Post: Investment Versus Speculation
Link to comment from April 4, 2026
Berkshire Hathaway’s current policy is to reinvest income rather than pay a cash dividend to shareholders. That portion of income that Berkshire uses to grow the business is reinvesting income for the benefit of shareholders who don’t have to reinvest themselves. In this sense, I would consider Berkshire an investment. When Berkshire purchases its own shares, it is not growing the business, but buoying the stock price. This is likely a sign that management is finding it difficult to identify compelling investment opportunities.
Post: Investment Versus Speculation
Link to comment from April 2, 2026
Mark, what are your thoughts on the appearance of these newly public stocks in total market index funds? If I’m not mistaken, Tesla appeared in Vanguard’s Total US Stock Market index fund before it was added to the S&P 500. Could the same situation be in store for these upcoming mega-IPOs?

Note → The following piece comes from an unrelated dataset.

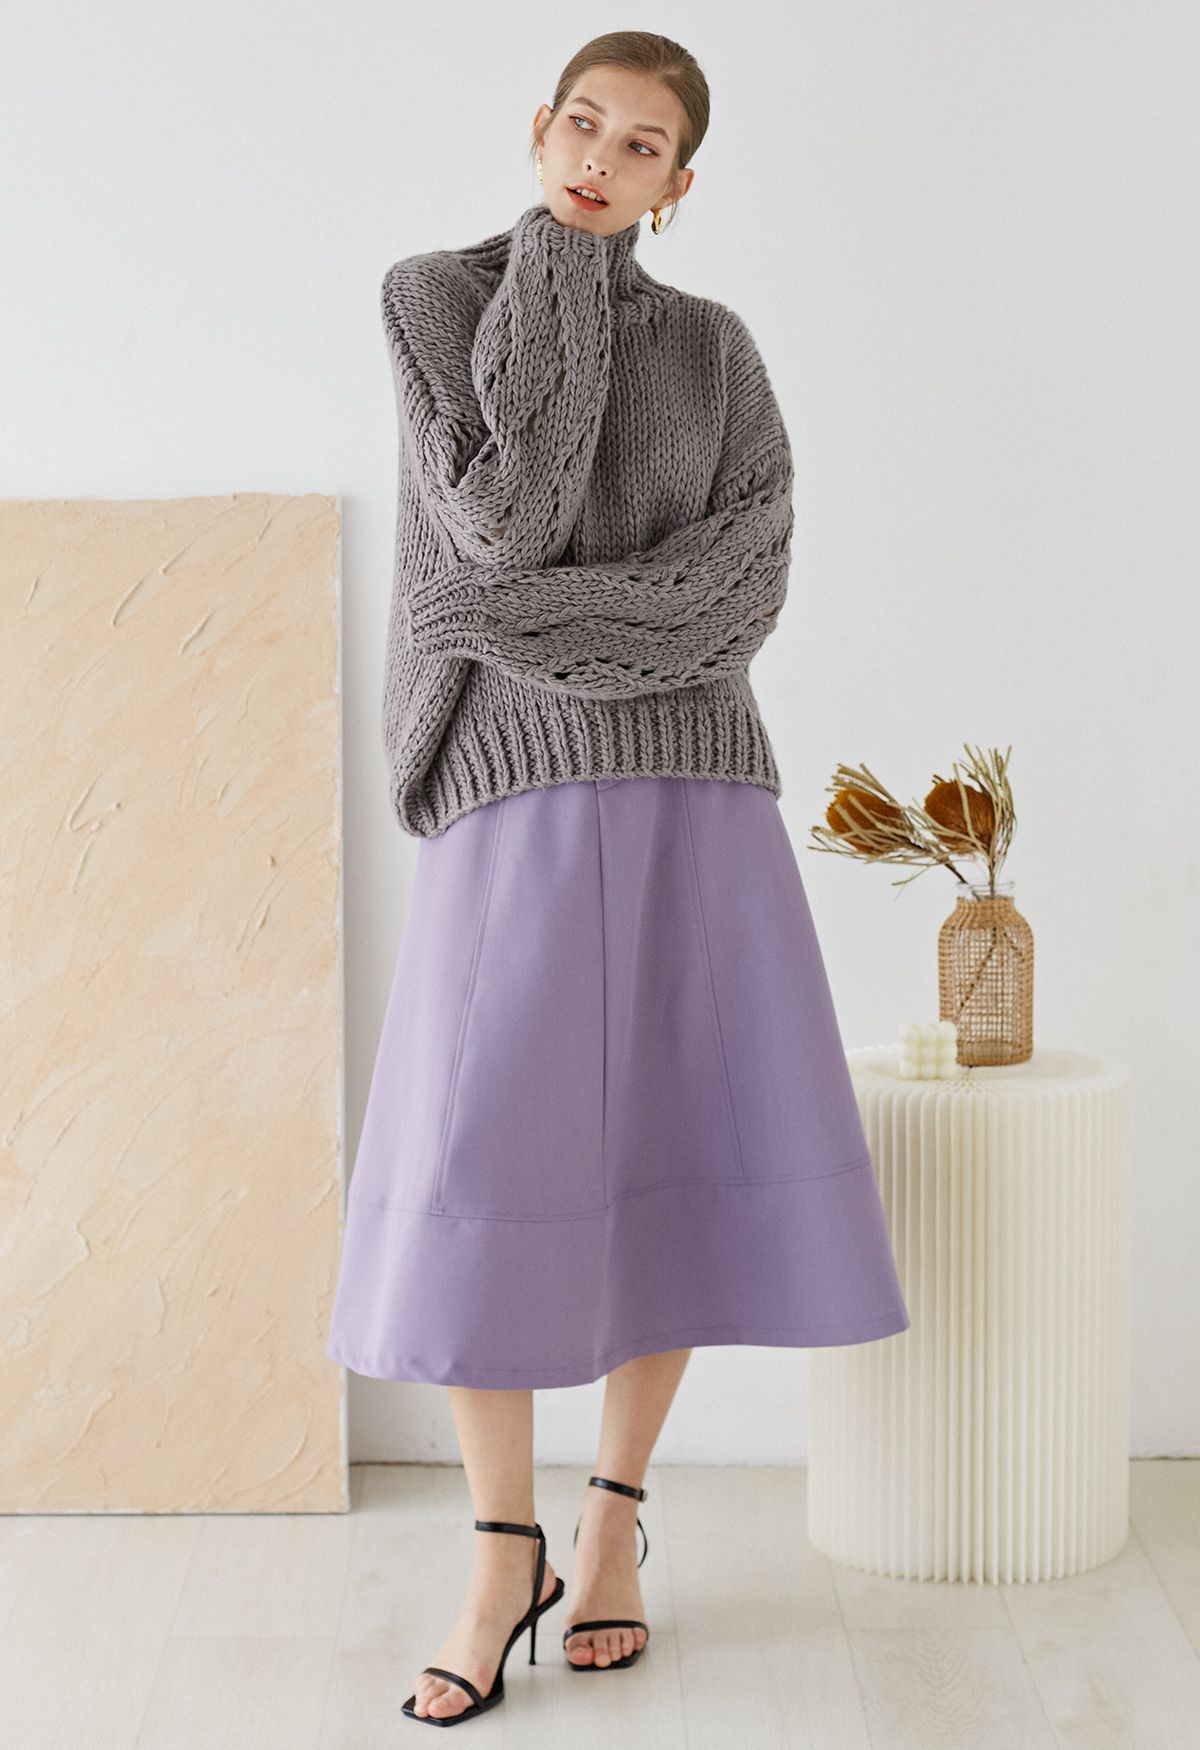 Pointelle Sleeve High Neck Hand-Knit Sweater in Dusty Purple

Post: $3 Trillion S&P 500 Gatecrashers
Link to comment from March 21, 2026
The HumbleDollar up/down arrows remind me of the Like/Don’t Like buttons on social media web pages. The latter, I presume, feed algorithms that determine ad pricing and content feeds. Since HD does not allow advertising (thank goodness), or feed different content to different readers, I have to question the value of up/down arrows. Were some of the features of social media web pages simply copied to HD when the website was being developed? The whole purpose of HD, as I understand it, is to promote commentary so readers can shares ideas, information, and experiences. Just clicking an up or down arrow doesn’t add much to the conversation. I do have one question: How did you earn the sobriquet “DrLefty?” Are you left-handed?

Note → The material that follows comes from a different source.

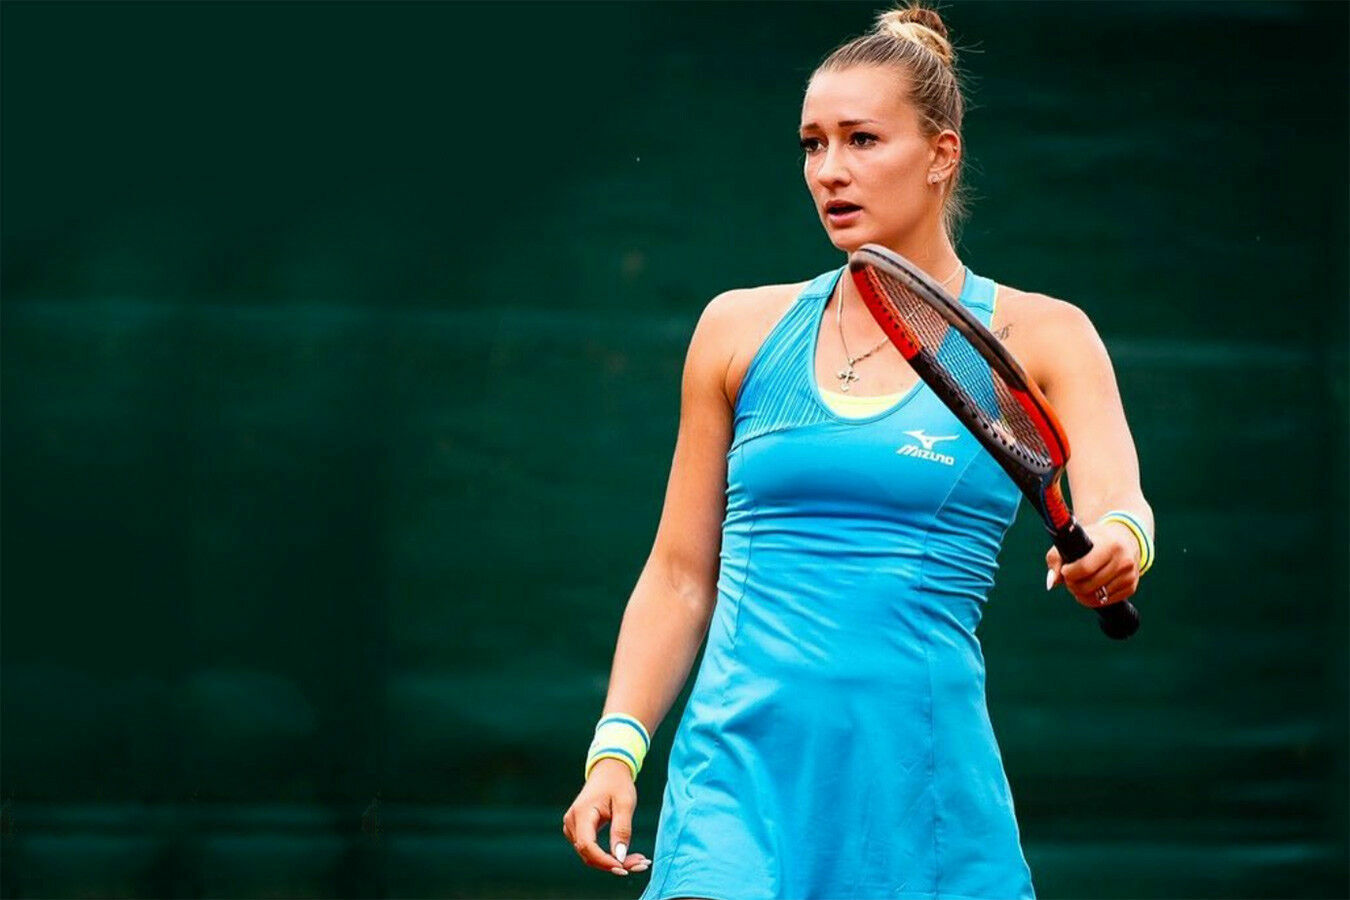 Теннисистка Яна Сизикова пожаловалась на клевету о договорном матче

Post: The “Mean Girls”/Junior High Bullies at HumbleDollar
Link to comment from January 10, 2026
I suspect that the tale of the anonymous investor who enjoyed a $70 million dollar profit from S&P 500 call options will lead a number of people to conclude that buying call options on the S&P 500 is the path to riches. But that investor was extraordinarily lucky. Consider what the media is not offering: stories about the much larger number of people who invested in S&P 500 call options and lost money. No one is interested in those stories. As Nassim Taleb warned us: don’t be “Fooled by Randomness.” Also, we know that correlation does not imply causation. Yet, Taylor Hamm seems convinced that paying $25 for a spell was responsible for her good fortune. I’ll guess that she’ll be buying many more spells in the future.
Post: Money Moments
Link to comment from December 27, 2025
One of those opportunities for spontaneous giving might include the tip jar at take-out eateries.
Post: Cash Ain’t Trash
Link to comment from December 27, 2025
Dan, thanks for mentioning the need to have smaller denominations available. If you only stockpile large denomination bills, you might find it difficult to purchase simple items in, say, a convenience store.